Task prompt.
An acceptable response holds only the line containing "Review: LEGO Marvel" and every line after it to the end of the records, each reproduced exactly.
++++ Extracted material
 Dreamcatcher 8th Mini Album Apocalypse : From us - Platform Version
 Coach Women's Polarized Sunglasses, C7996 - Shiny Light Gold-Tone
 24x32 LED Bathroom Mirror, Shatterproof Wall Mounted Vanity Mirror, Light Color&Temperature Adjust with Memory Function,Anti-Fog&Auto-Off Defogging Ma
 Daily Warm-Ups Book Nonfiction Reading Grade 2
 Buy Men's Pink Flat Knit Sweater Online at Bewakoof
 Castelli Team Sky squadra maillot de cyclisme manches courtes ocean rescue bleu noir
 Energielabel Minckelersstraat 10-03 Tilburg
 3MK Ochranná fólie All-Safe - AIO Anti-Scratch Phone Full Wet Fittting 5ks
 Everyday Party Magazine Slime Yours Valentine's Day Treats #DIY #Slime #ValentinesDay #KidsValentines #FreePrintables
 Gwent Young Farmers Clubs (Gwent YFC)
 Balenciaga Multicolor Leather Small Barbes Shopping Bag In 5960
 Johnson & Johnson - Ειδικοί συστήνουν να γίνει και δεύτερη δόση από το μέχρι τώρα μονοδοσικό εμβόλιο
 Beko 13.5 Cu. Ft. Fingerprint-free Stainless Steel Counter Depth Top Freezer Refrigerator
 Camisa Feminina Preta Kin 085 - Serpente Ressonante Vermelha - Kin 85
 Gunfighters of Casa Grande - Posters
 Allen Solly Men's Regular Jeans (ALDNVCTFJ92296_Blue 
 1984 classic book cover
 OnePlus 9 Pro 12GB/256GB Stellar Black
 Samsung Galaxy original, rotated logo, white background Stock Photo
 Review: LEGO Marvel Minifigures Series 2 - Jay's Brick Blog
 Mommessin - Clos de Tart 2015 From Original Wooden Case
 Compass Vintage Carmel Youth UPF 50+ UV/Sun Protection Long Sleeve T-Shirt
++++++++
Written reply.
 Review: LEGO Marvel Minifigures Series 2 - Jay's Brick Blog
 Mommessin - Clos de Tart 2015 From Original Wooden Case
 Compass Vintage Carmel Youth UPF 50+ UV/Sun Protection Long Sleeve T-Shirt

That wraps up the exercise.